Abdullah İbnu Amr İbni'l As, hadîs yazan sahâbelerin başında gelir. Yazdığı mecmûaya "Sahîfe-i Sâdıka" demiştir. Onun bu kitabından bahseden muhtelif rivâyetler var. Tâbiînden Mücâhid İbnu Cebr, "Sahîfe-i Sadıka"yı Abdullah'ın yanında gördüğünü ifade etmiştir. Abdullah İbnu Amr (radıyallahu anh) hadîs imlâ ettiren sahabelerdendir. Bu işi ezberden mi, kitaptan mı yaptırdığı rivâyetlerde sarîh değilse de, kitaptan yaptırma ihtimâli daha kuvvetli gözüküyor. Abdullah (radıyallahu anh)'ın bu sahife'ye Hz. Peygamber (aleyhissalâtu vesselâm)'dan bizzat işittiği hadîsleri almış olmalı. Zira Mücâhid'e: "Bu, sâdıkadır, bunda Resûlullah (aleyhissalâtu vesselâm)'dan işittiklerim mevcuttur. Bu rivâyetlerde benimle Resûlullah (aleyissalâtu vesselâm) arasına hiç kimse girmemiştir" demiştir.

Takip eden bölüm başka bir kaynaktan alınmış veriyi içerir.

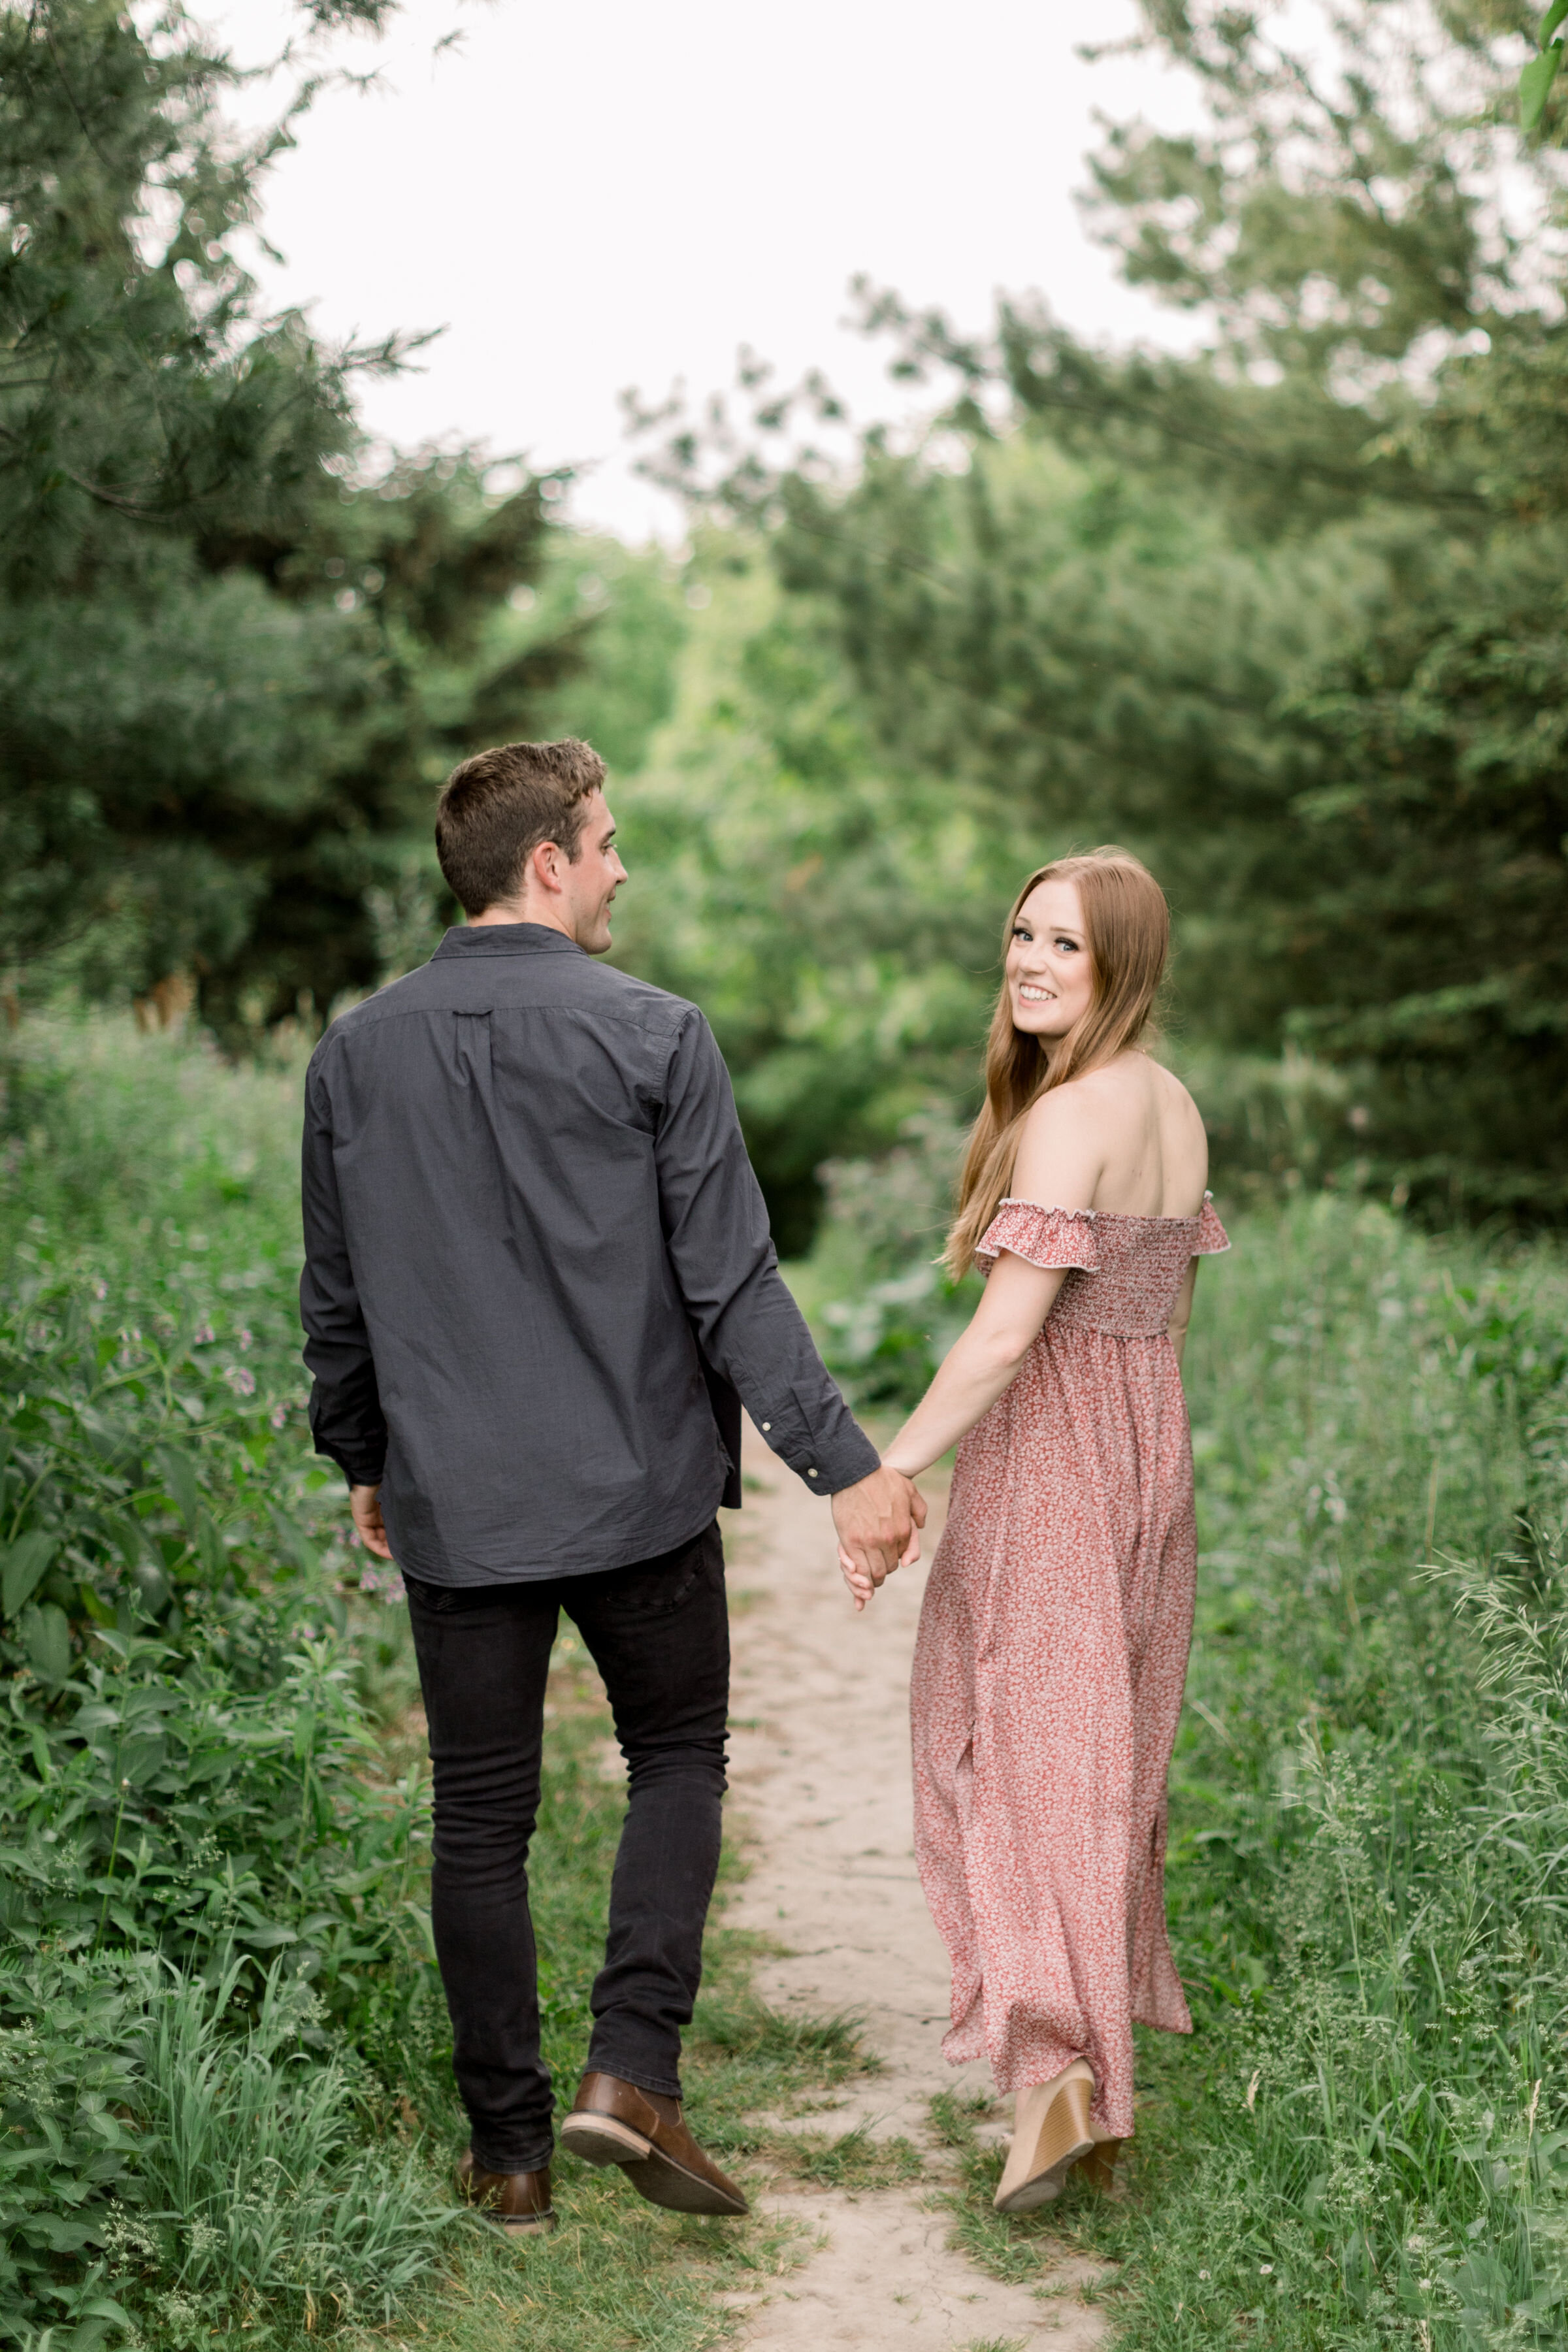  Arboretum, Ottawa photographer, engagement photographer, Chelsea Mason Photography captures this couple from behind while walking down an unpaved clearing together with their arms wrapped around one another. woman looking over her shoulder smiling c
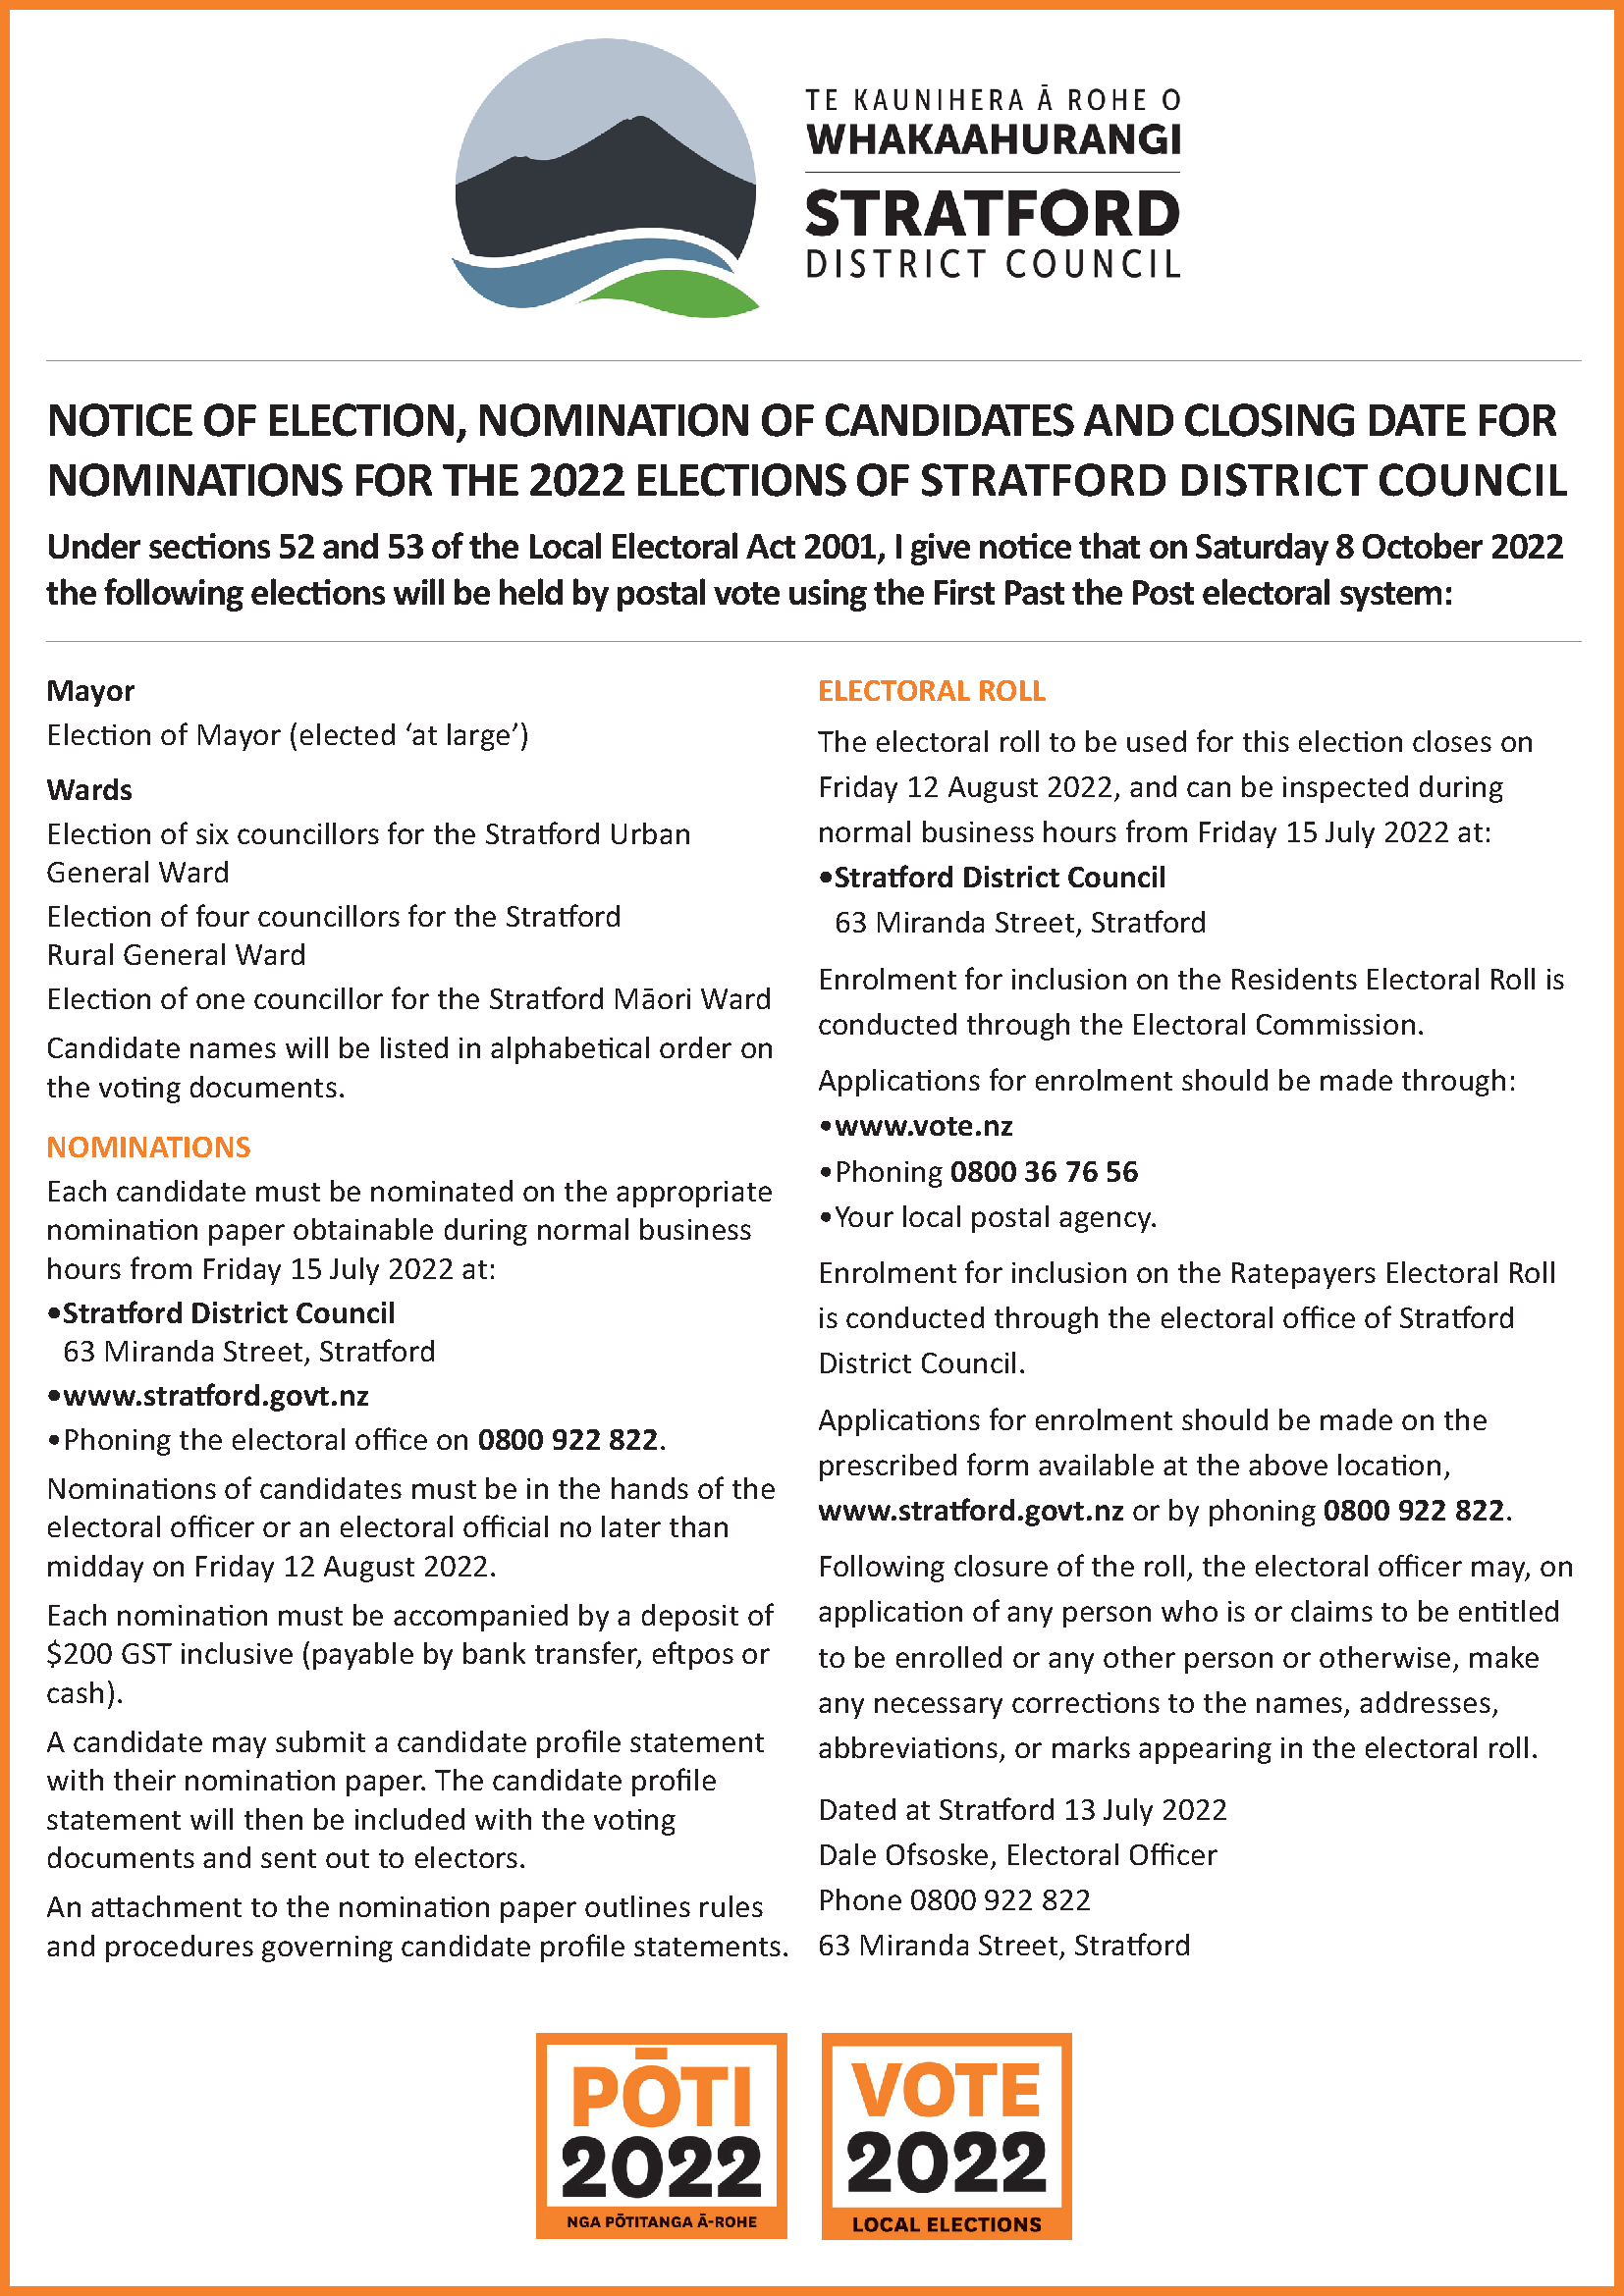 Notice of election.

Hz. Abdullah bu tasrihi şunun için yapmış olmalıdır:
 
"Sahabeler her zaman kendi işittiklerini rivâyet etmezler, bir kısım rivâyetleri başka sahâbelerin anlattıklarına dayanır." Nitekim İbnu Abbas (radıyallahu anh)'ın Hz. Peygamber (aleyhissalâtu vesselâm)'dan yaptığı rivâyetler esas itibariyle diğer sahabelerden işittiklerine dayanır.
 
Ebu Hüreyre'nin Sahife-i Sahîha'sı:
 
Bazı rivâyetler, Ebu Hüreyre (radıyallahu anh)'ın, Resûlullah (aleyhissalâtu vesselâm)'dan işittiği hadislerini yazdığını ifade etmektedir. Bu sahifenin ismi Sahife-i Sahîha'dır. El-Hasan İbnu Amr İbnu Umeyye ed-Damrî anlatıyor: "Hz. Ebu Hureyre (radıyallahu anh)'nin yanında bir hadis rivayet ettim. Ancak o: "Böyle bir hadis yok" diye inkâr etti. Bunu kendisinden işittiğimi söyledim. O vakit: "Bunu benden işitmişsen, o bende yazılıdır" dedi ve elimden tutarak beni evine götürdü. Orada bana Hz. Peygamber (aleyhissalâtu vesselâm)'ın hadislerinin yazılı bulunduğu pek çok kitap "kütüben kesîraten" gösterdi. Rivâyet ettiğim hadîsi burada buldu ve: "Ben sana demedim mi? Eğer ben bir hadis rivayet etti isem, o, yanımda yazılı olarak mevcuttur."
Bu rivayet açık bir şekilde Ebu Hüreyre'nin de hadîslerini yazdığını göstermektedir.
 
Ancak bu hadis, Buhâri'de gelen ve yukarıda kaydettiğimiz hadisle teâruz etmektedir. Zira orada Ebu Hureyre hazretleri (radıyallahu anh) Abdullah İbnu Amr (radıyallahu anh)'ın yazdığını, kendisinin yazmadığını ifade ediyordu.
 
İbnu Abdilber ve İbnu Hacer gibi, hadîs sahasının büyük üstadları, bu hadîsin de sahîh olduğunu belirterek aradaki teâruzu şöyle te'lif ederler:
 
1- Ebu Hureyre (radıyallahu anh), Hz. Peygamber (aleyhissalâtu vesselâm)'ın sağlığında yazmamış olabilir, bilâhare hadîsleri yazmıştır.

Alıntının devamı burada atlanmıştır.